Find the distance between two towns given train timings

Question

While practicing maths and starting to learning it, I found question this question:

A train running between two towns arrives at its destination 10 minutes late when it goes 40 miles per hour and 16 minutes late when it goes 30 miles per hour. The distance between the two towns is:

A. 720 miles
B. 12 miles
C. 8-6/7 miles
D. 12-7/7 miles
E. None of these

I am trying to solve it like this: 40 miles per hour, hours have 60 minutes, so 40 miles in 60 minutes, and it is ten minutes late. So one mile per minute is $40/60 = 0.66$, so miles in 10 minute is 6. So in 70 minutes it covers about 46 miles.

But how can I solve it further, to find the distance?

Answer 1

Let $d$ be the distance in miles, and $v$ the speed in mph of the train at which it arrives in time.

The time is the distance divided by speed. Now, use the fact that the train is $10$ minutes late (or $10/60$ hours late) when it goes $40$ mph: $$\frac{d}{40}=\frac dv+\frac{10}{60}$$

The first member is the time that the train spends in arriving at $40$ mph, and the second member is the time that it spends at speed $v$ plus $10$ minutes. They are equal, of course.

Now, write a similar equation for the other data, and solve the system.

Answer 2

Your approach might work, but the power of algebra is pretty helpful here.

Let $D = $ unknown distance between two towns, in miles

Then $D/40$ is the time, in hours, to travel between the towns at 40 mph, so

$T_1 = 60 * D/40$ is that time, in minutes.

Similarly,

$T_2 = 60 * D/30$ is the time, in minutes, for travelling at 30 mph.

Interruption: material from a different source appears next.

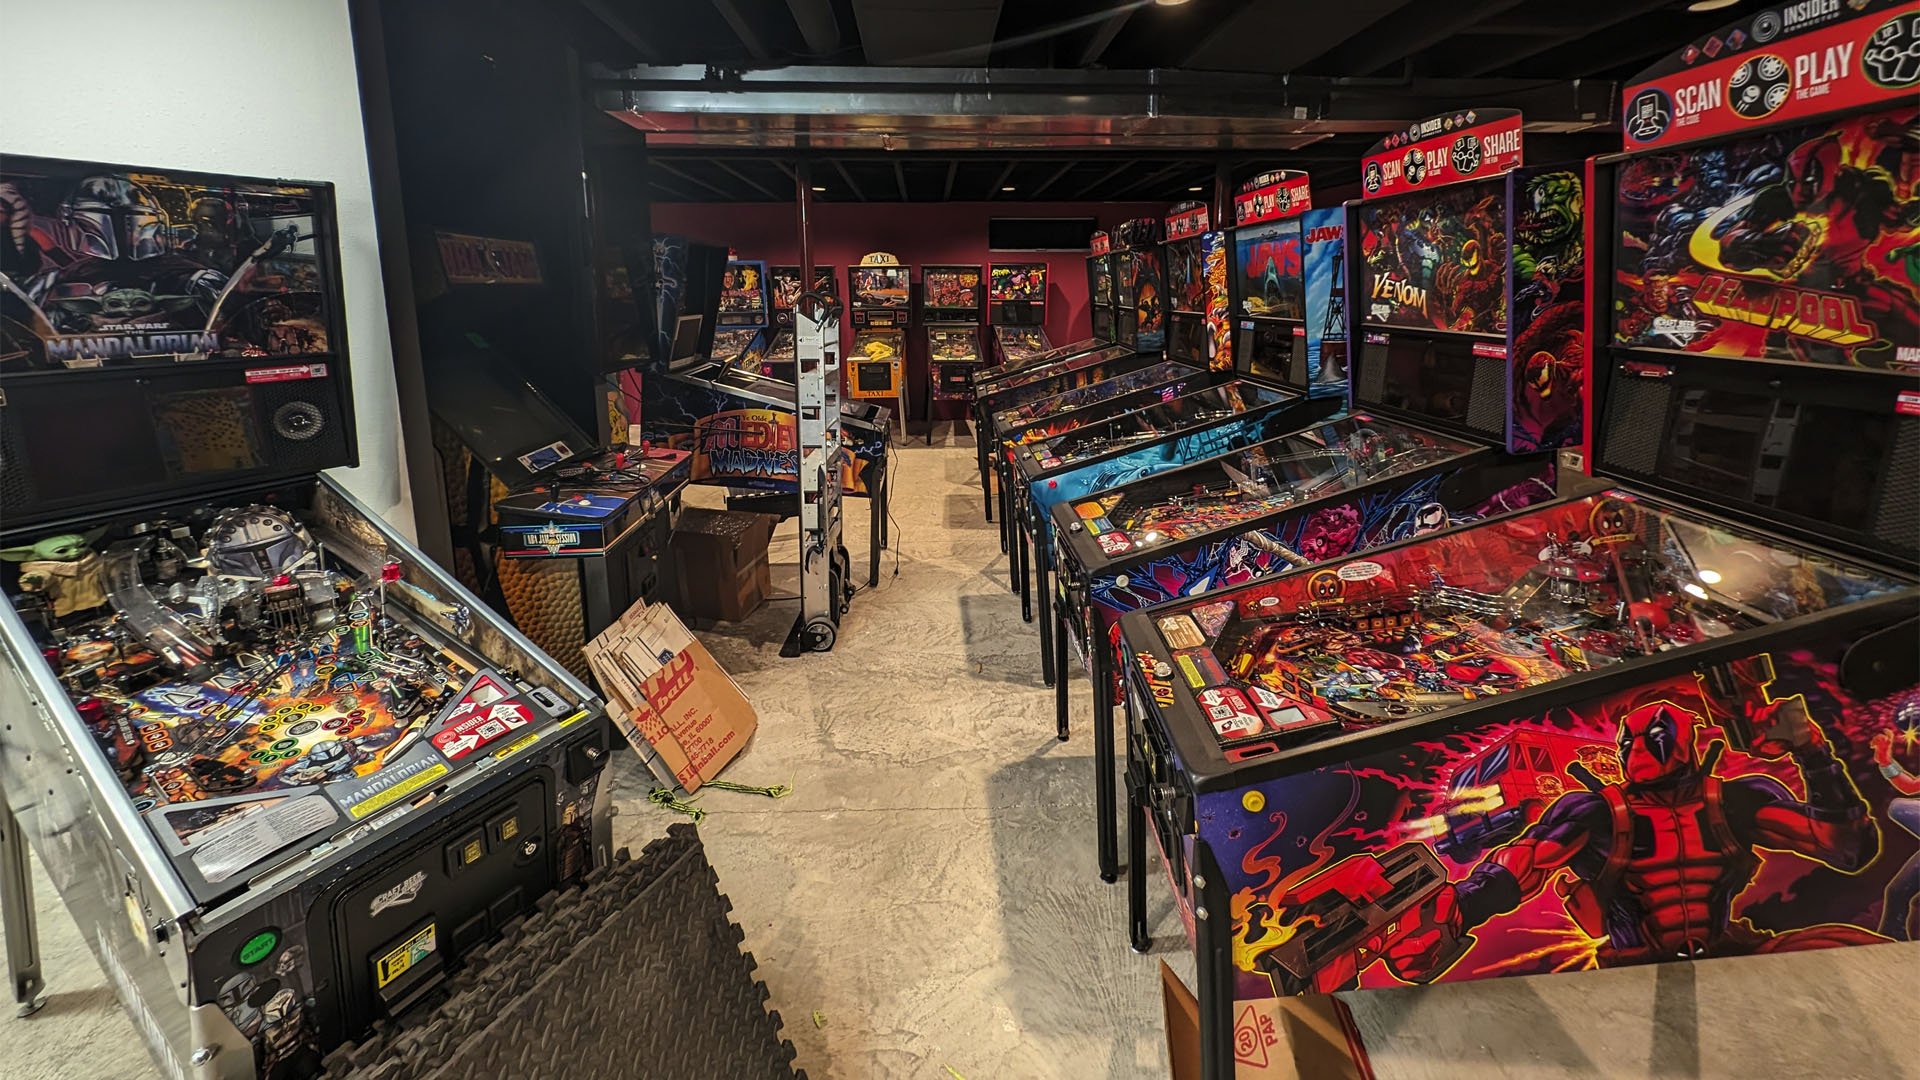 pinball tables in a basement

The problem tells us that $T_2 = T_1 + 6$.

So $$ 60*D/40 + 6 = 60*D/30 \\ 60D + 40*6 = 40 * 60 * D/30 \\ 30*60*D + 30 * 40 * 6= 40 * 60 * D\\ 30*40*6 = 10*60*D \\ 1200*6 = 600 * D \\ 2 * 6 = D $$ so $D = 12$.

Answer 3

The basic equation is $d=v\cdot t$, where $d$ is the distance, $v$ the velocity and $t$ the time needed.

Let's say the train is scheduled to arrive after a duration $t_0$. Then, $d=40\mathrm{mph}(t_0+\frac{1}{6}\mathrm{h})=30\mathrm{mph}(t_0+\frac{16}{60}\mathrm{h})$. Solve this for $t_0$ and plug it in one of the $t_0$-equations and you're good.

Answer 4

Here's a fast method (in fact, it can be done mentally)

$60$ mph = $1$ minute/mi. and $40$ mph $= 1.5$ minute /mi.

A difference of $0.5$ min./mi increases delay by $6$ minutes,

thus distance $= 6/0.5 = 12$ mi.